Air pollution nanoparticles (from road vehicles and aircraft) now linked to higher risk of brain cancer
New research has now linked air pollution nanoparticles to brain cancer. The ultra-fine particles (UFPs) are produced by fuel burning, particularly in diesel vehicles, and higher exposures significantly increase people’s chances of getting the cancer. Previous work has shown that nanoparticles can get into the brain and that they can carry carcinogenic chemicals. Aircraft also produce nanoparticles that spread downwind of airports, and are also emitted into the atmosphere during flight – especially take-off and landing. Higher levels of the air pollution are related to slightly higher rates of brain cancer. The numbers per 100,000 are not huge, but add up when large populations are exposed to road traffic etc. Brain cancers are hard to treat and often fatal. As nanoparticles are so tiny, they can get into almost every organ. Air pollution has also been linked to other effects on the brain, including reductions in intelligence, more dementia and mental health problems in both adults and children. The WHO says air pollution is a “silent public health emergency”. Airport expansion does not help – due to road transport, plus the planes themselves, and airport vehicles.
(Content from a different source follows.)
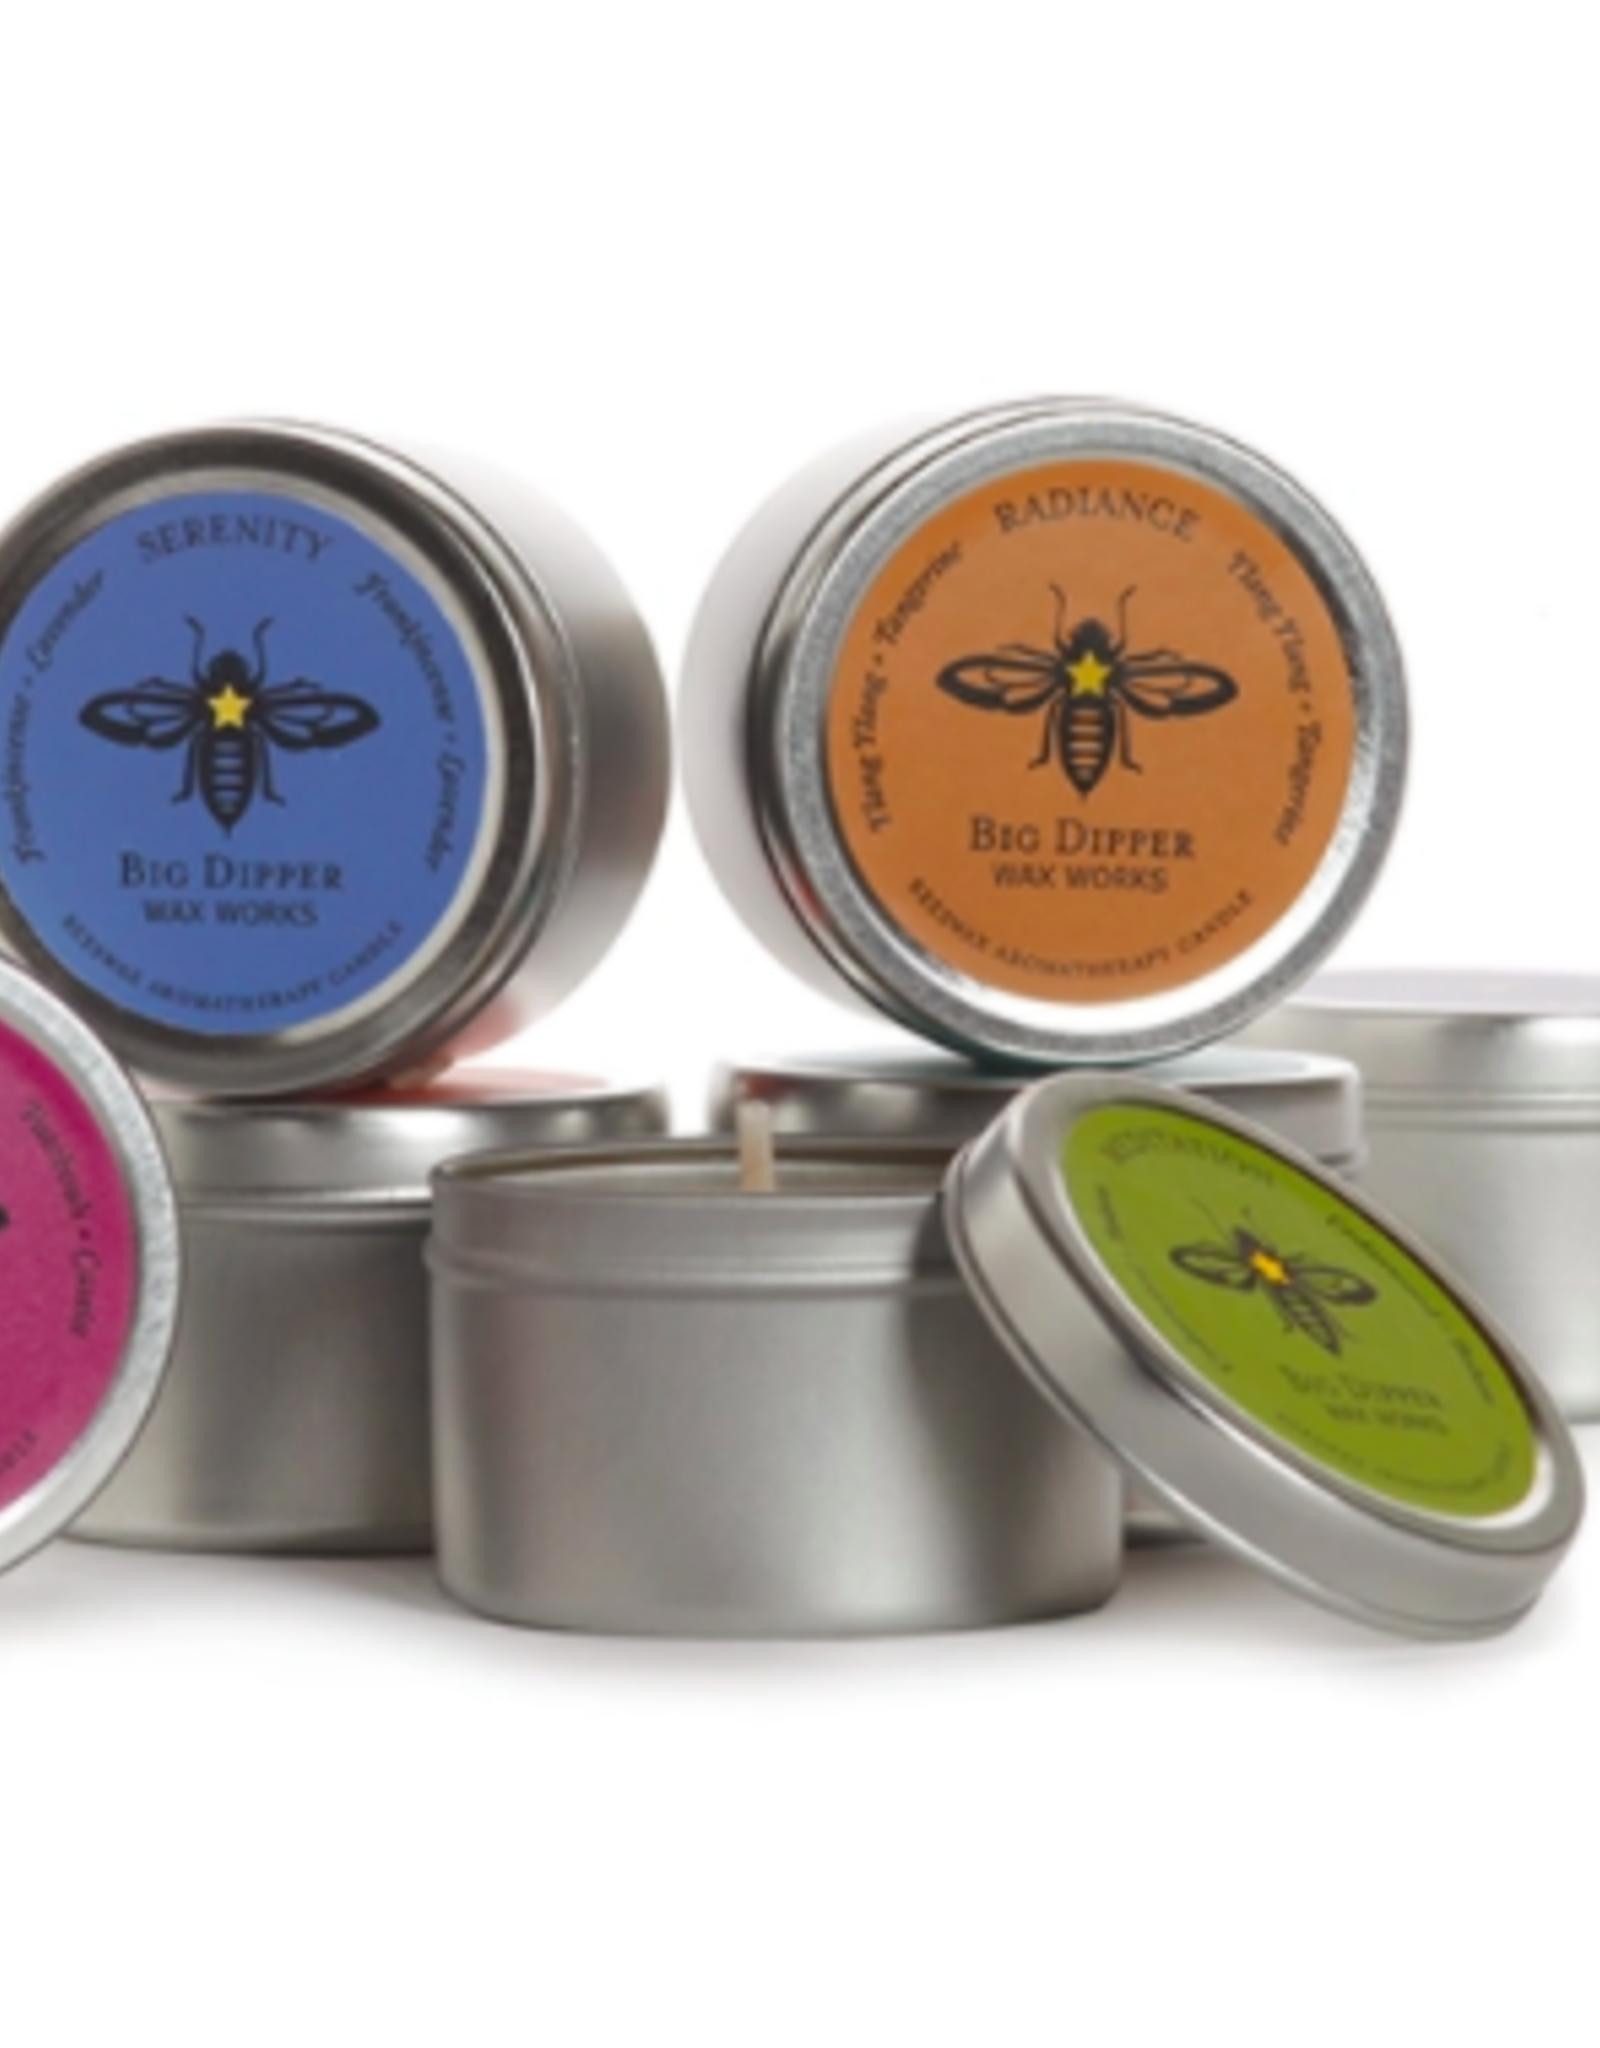 Big Dipper 1.7 oz. Aromatherapy Candle Tins

Research shows ultrafine particles from aircraft in the vicinity of Schiphol Airport negatively affect health
A thorough study of 191 primary school children who live near Schiphol Airport, in the Netherlands, shows that high concentrations of ultra-fine particles from aircraft can affect health seriously. The research showed that when the wind blows in the ‘wrong’ direction children with respiratory complaints suffer more and use more medication. Complaints include shortness of breath and wheezing. These are the conclusions of new research by the National Institute for Public Health and the Environment (RIVM), in collaboration with Utrecht University and the Academic Medical Centre (AMC). There were 3 sub-studies: a study of 191 primary school children in residential areas near Schiphol, a study of 21 healthy adults immediately adjacent to Schiphol, and a laboratory study with lung cells. Such extensive research on ultrafine particles and health has never been carried out around airports before. The findings should alarm everybody responsible for the tremendous worldwide growth of aviation. There are no indications that the health effects of air traffic are different from those of road traffic. The study is part of a long-term study of the RIVM. In 2020 and 2021 they will research the effects of long-term exposure to ultra-fine particles from air traffic.